-- Dataset excerpt --
________________________________________

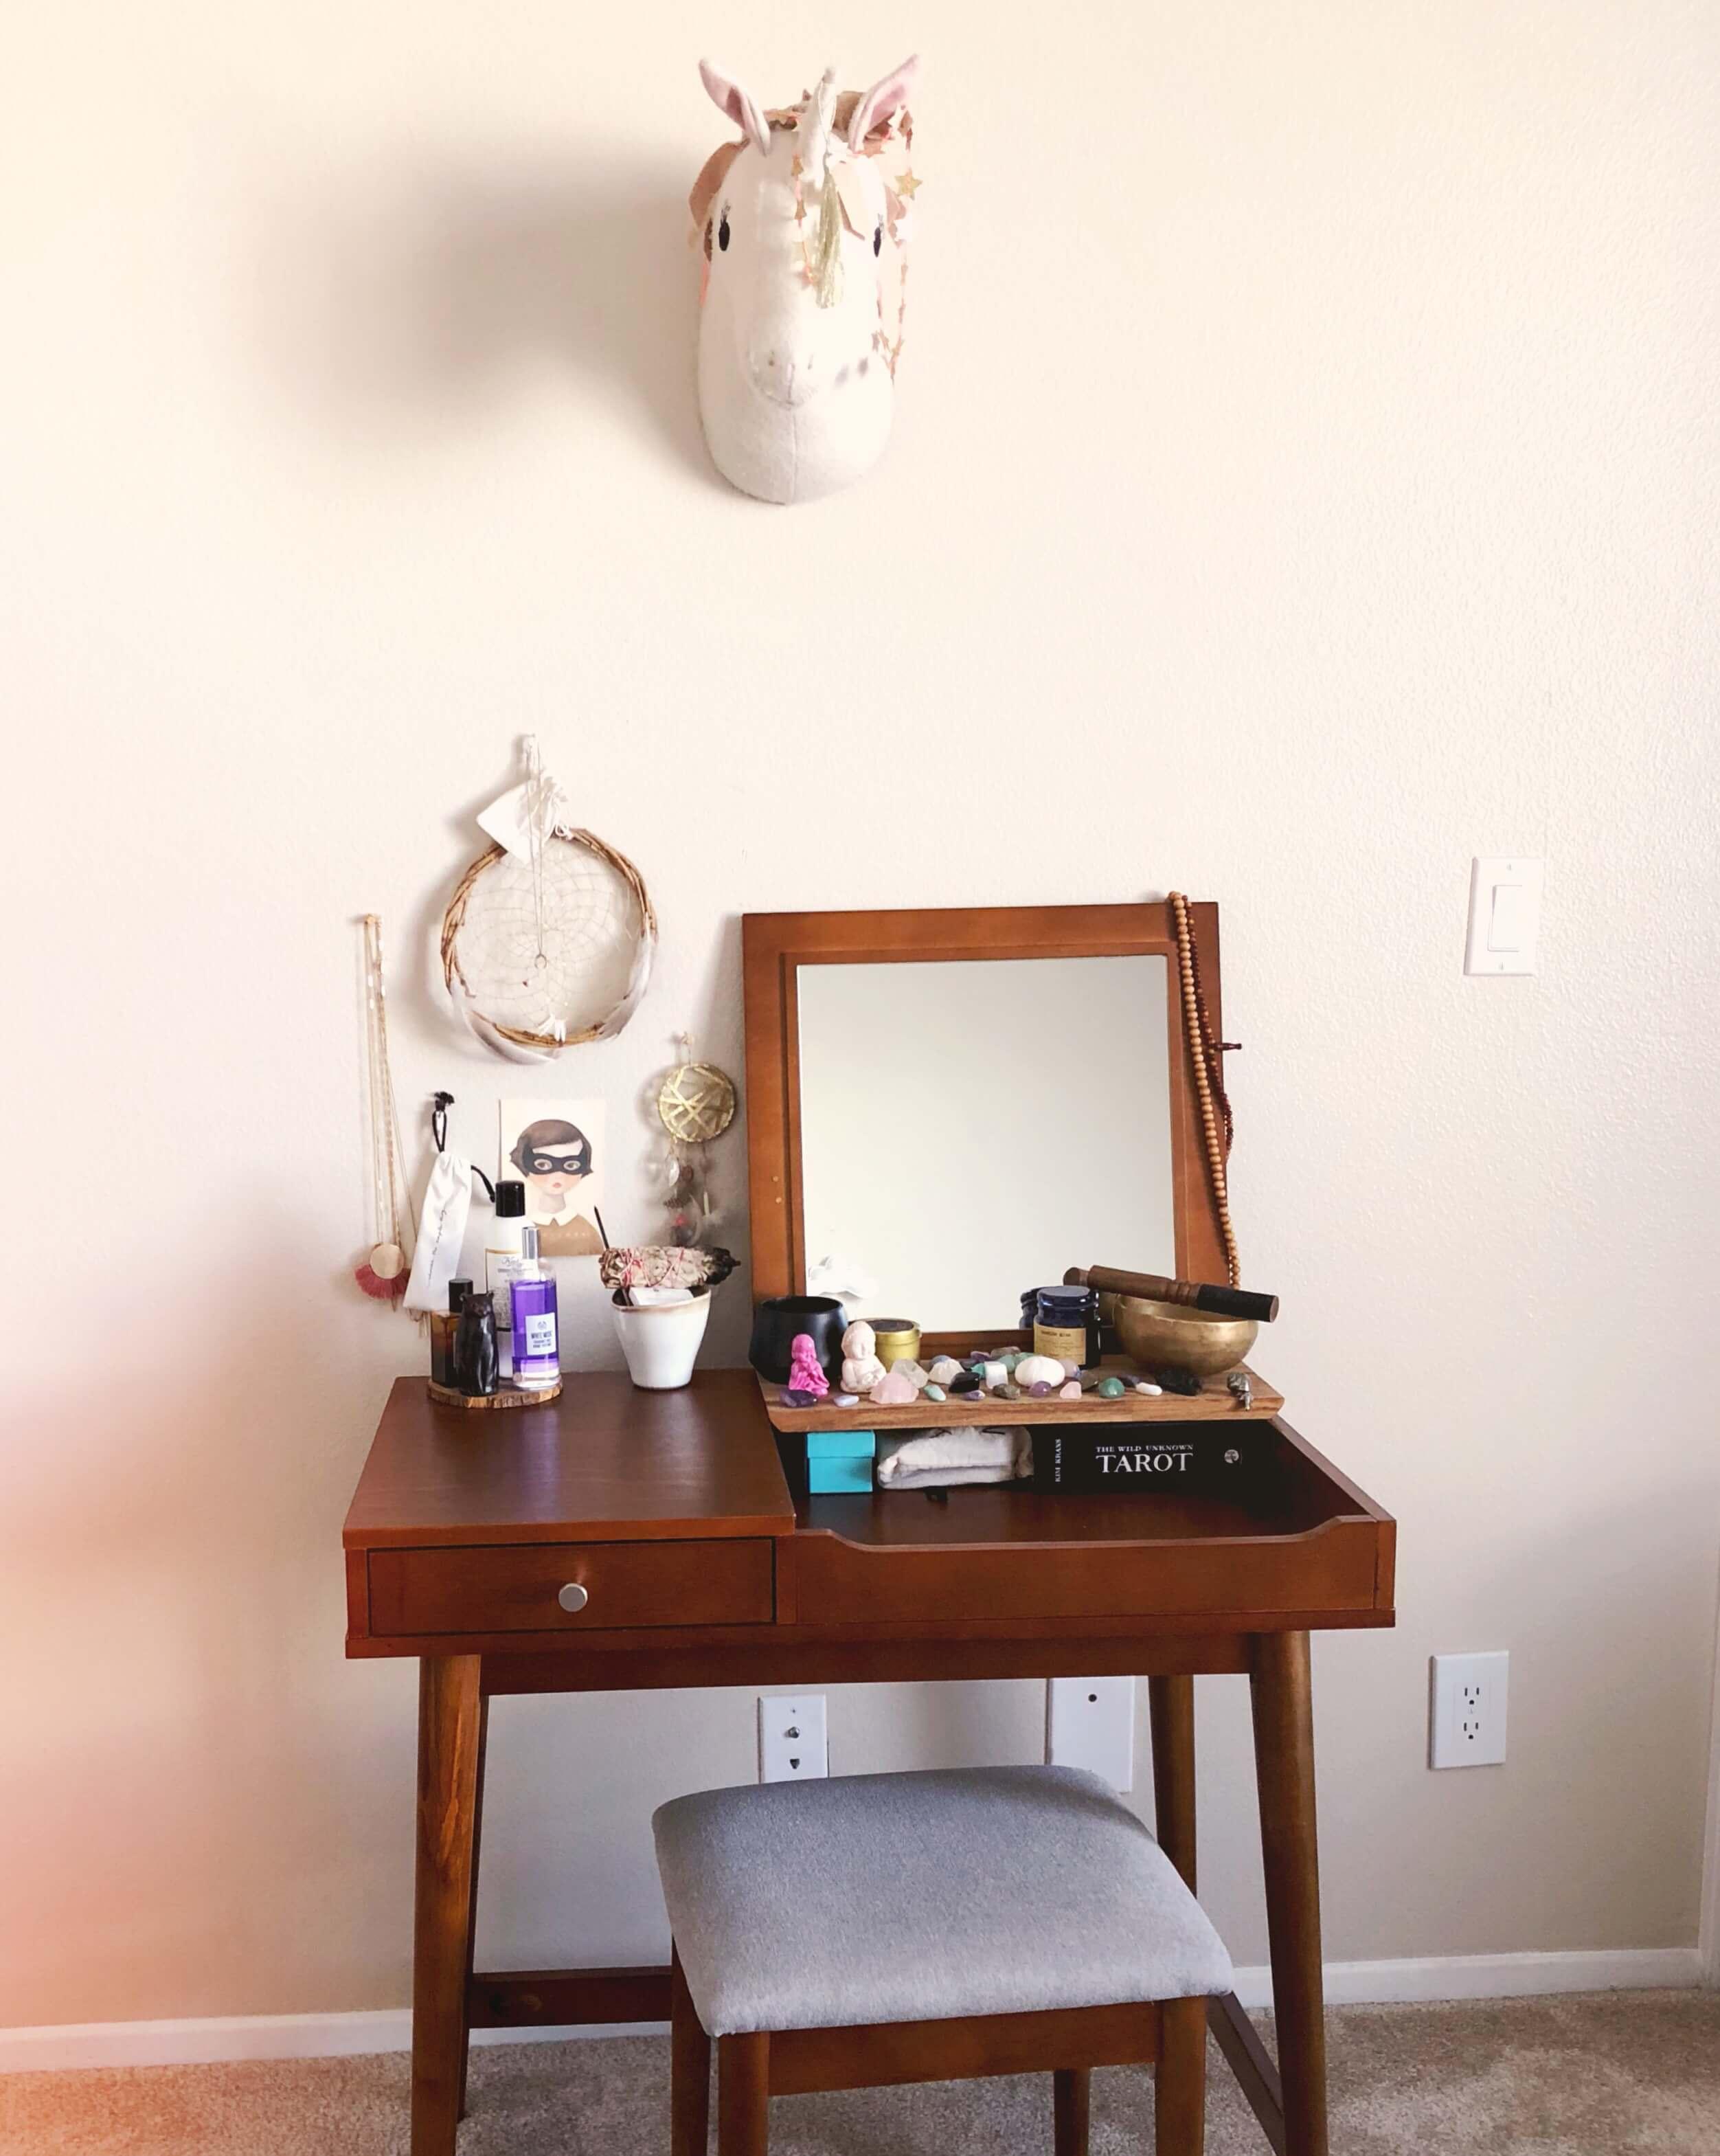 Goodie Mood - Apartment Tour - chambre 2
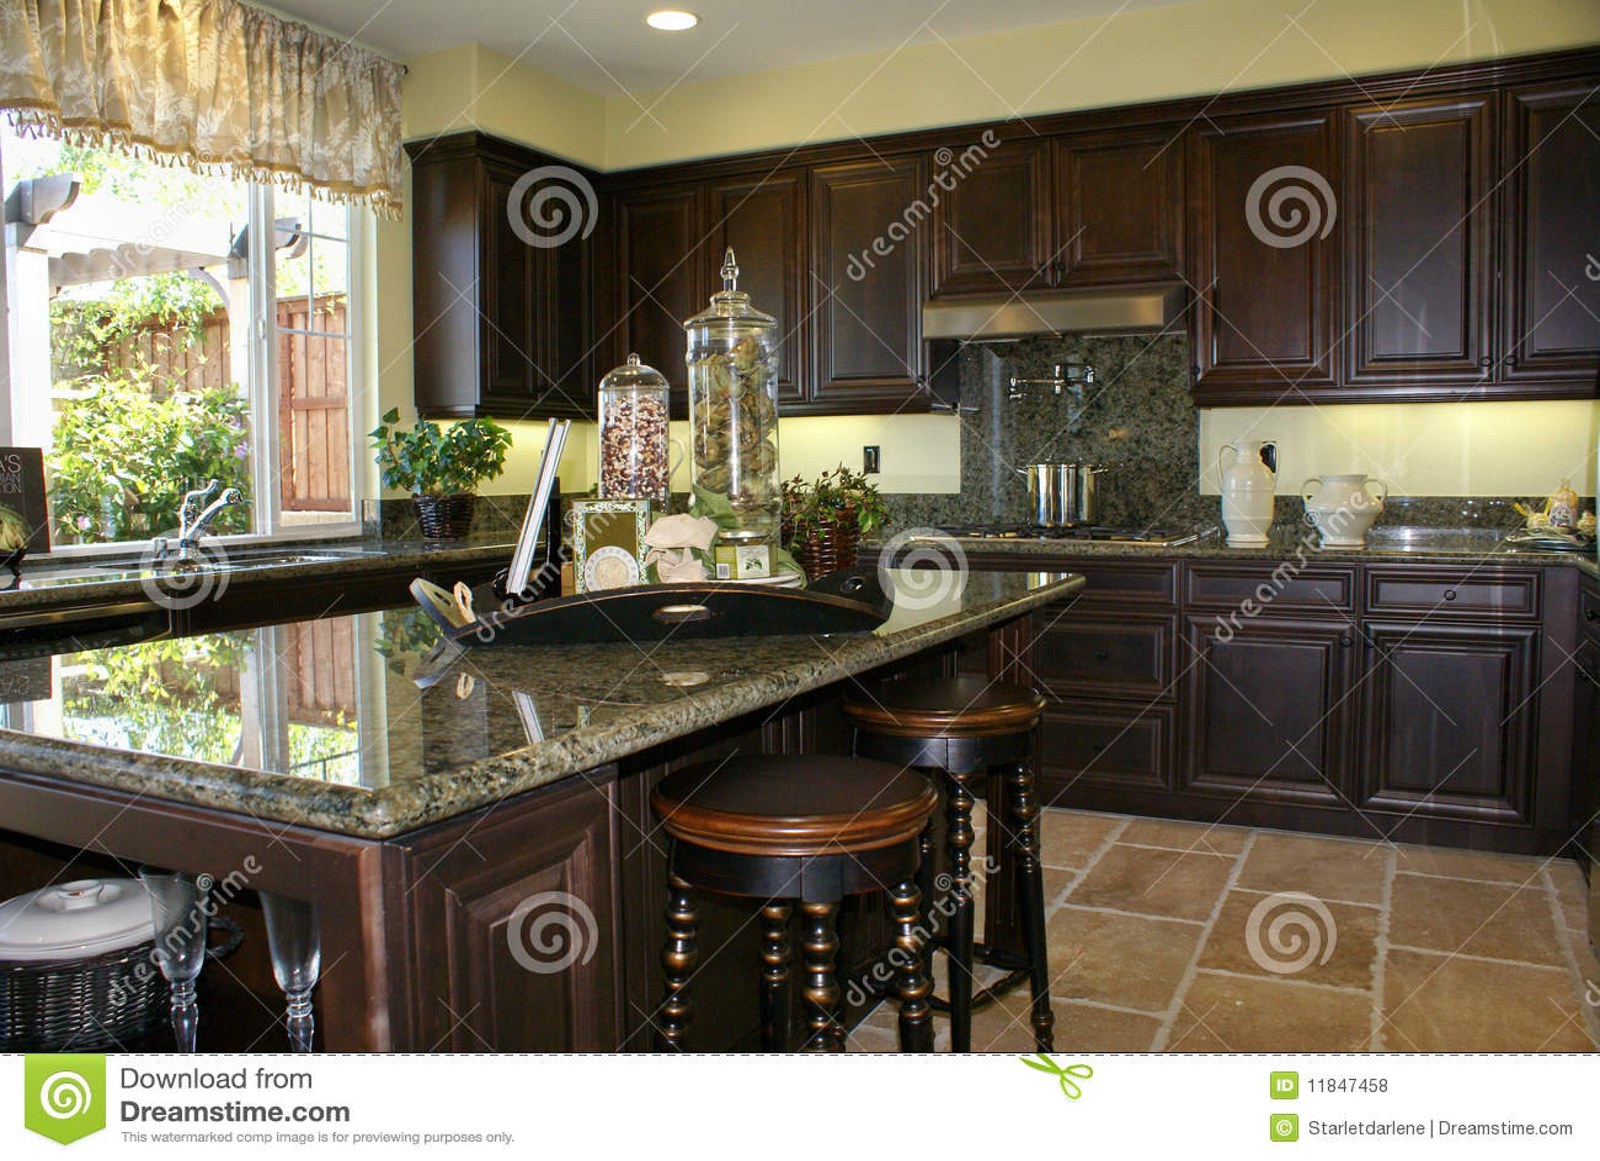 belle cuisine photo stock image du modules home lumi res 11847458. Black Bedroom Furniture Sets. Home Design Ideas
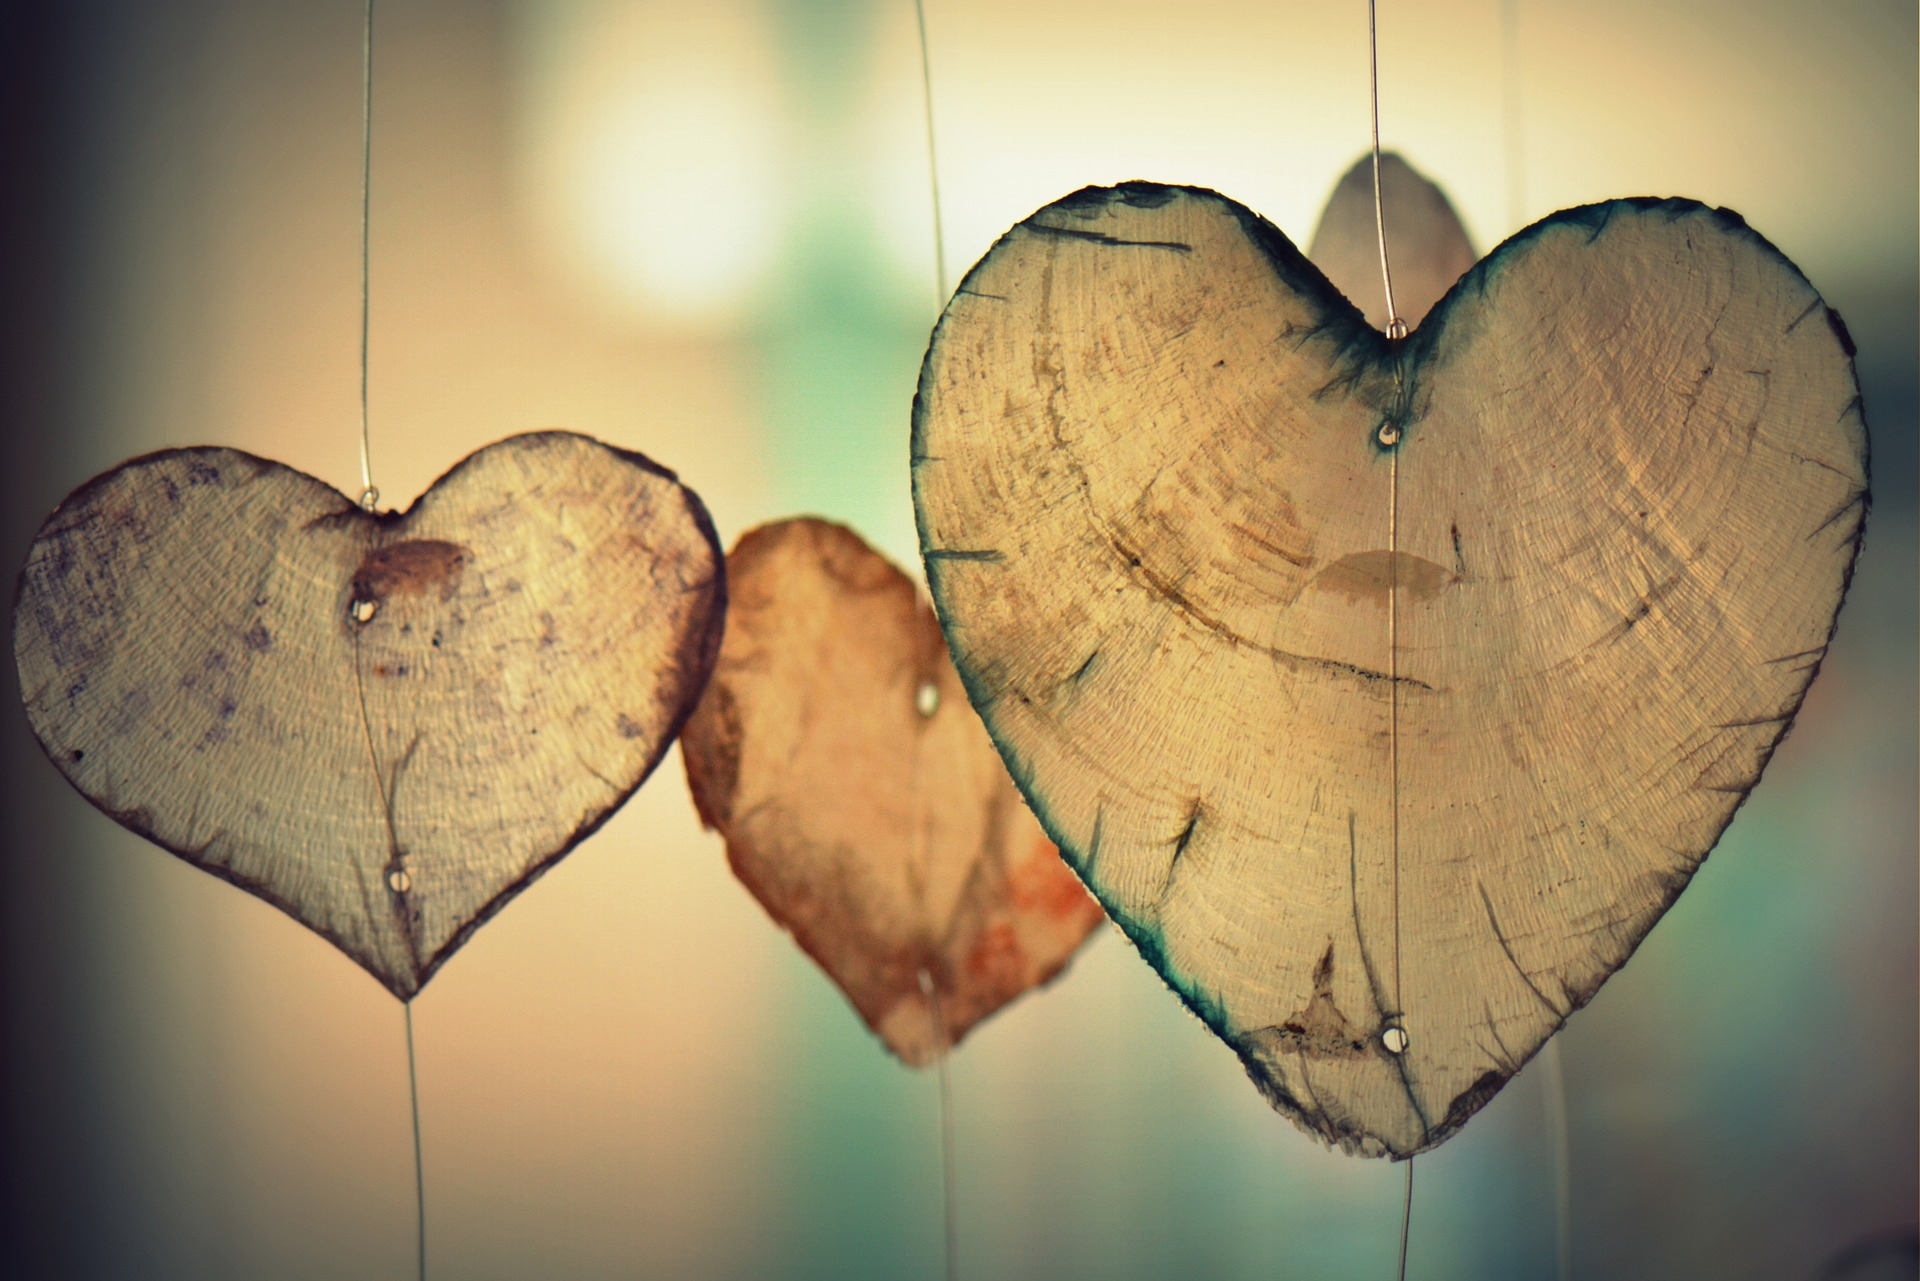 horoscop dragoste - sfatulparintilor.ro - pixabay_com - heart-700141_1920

________________________________________

-- Aim of the exercise --
Starting with the line that holds "belle cuisine photo", print each line through the last one of the data exactly as written, but do not include the pictures.

-- Response to the task --
 belle cuisine photo stock image du modules home lumi res 11847458. Black Bedroom Furniture Sets. Home Design Ideas
 horoscop dragoste - sfatulparintilor.ro - pixabay_com - heart-700141_1920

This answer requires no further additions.